No, not imagined – planned. Figured out how to do it. Funny, all that time spent trying to find a loophole and he’d never really considered the most direct option, the one Evan would have come to first. But he considered it that night.
That night, a dark alley and a pistol with a grip-taped handle seemed like the answer.
But by morning he’d known better. The last time he’d held a gun he’d been thirteen, wilding with a rust-spotted piece Joey Biggs had snuck from under the sweaters in his dad’s closet. They’d strutted the alleys popping at crows and beer cans and the occasional factory window. Kid’s stuff a thousand miles from pointing at a human being and pulling the trigger. From watching Evan’s head explode.

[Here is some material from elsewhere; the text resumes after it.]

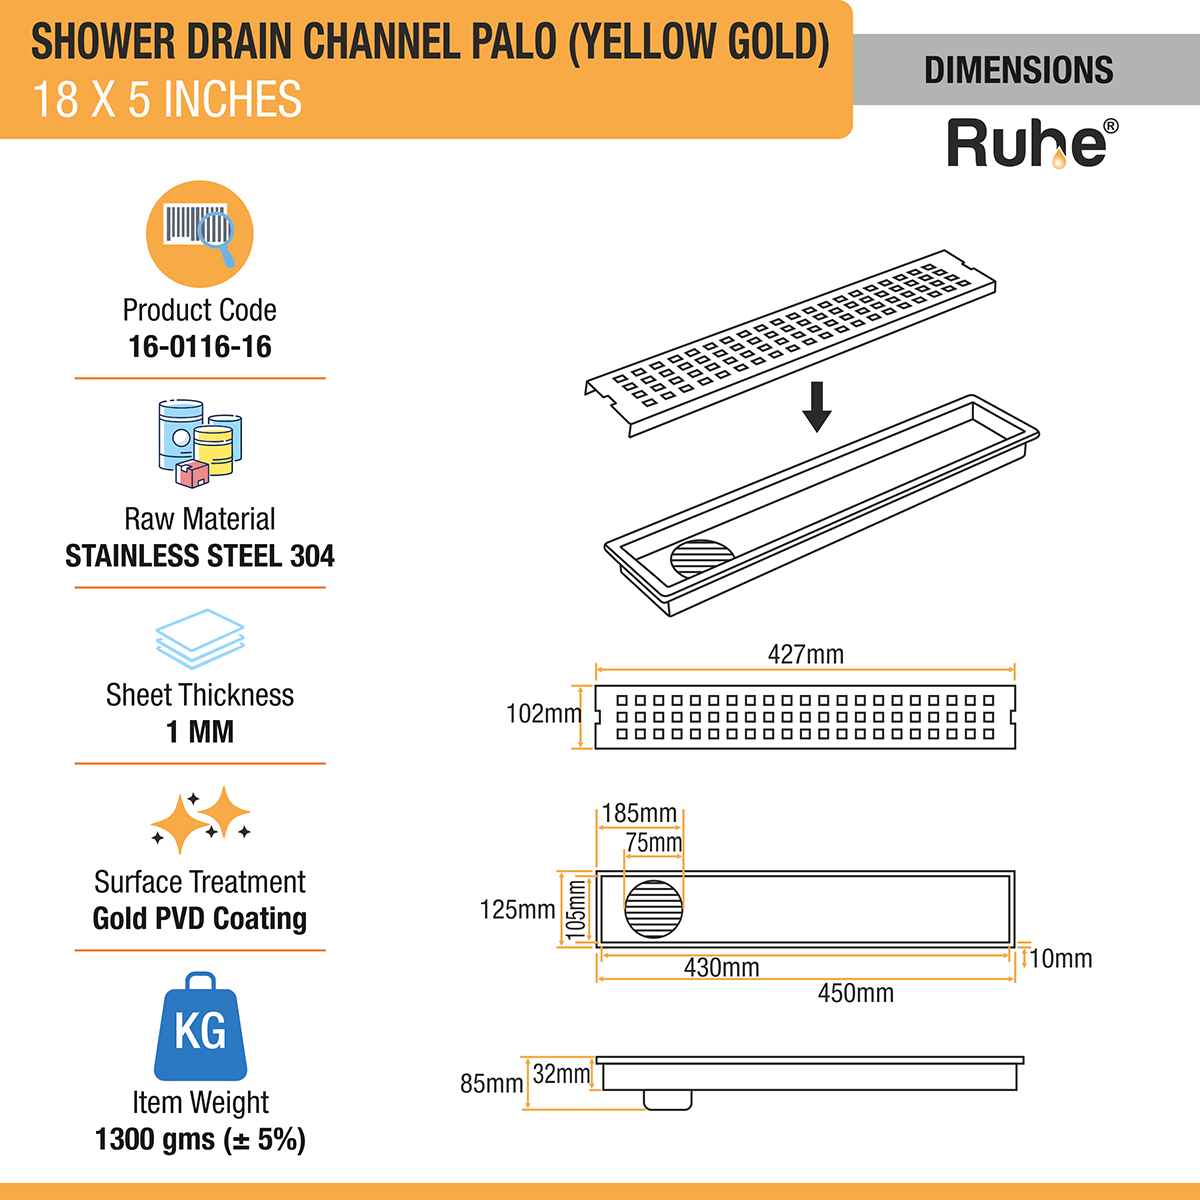 Palo Shower Drain Channel (18 x 5 Inches) YELLOW GOLD dimensions and size

And in truth, it didn’t matter. Because once he got past the anger and actually thought about things, killing Evan wasn’t an out anyway. The moment the cops found his body, Detective Sean Nolan would look up from his desk and wonder who might want to be rid of Evan McGann. About five seconds later squad cars would be rolling up to their condo, and the rest would just be foreplay to the fucking Danny would take. No, killing Evan wasn’t an out.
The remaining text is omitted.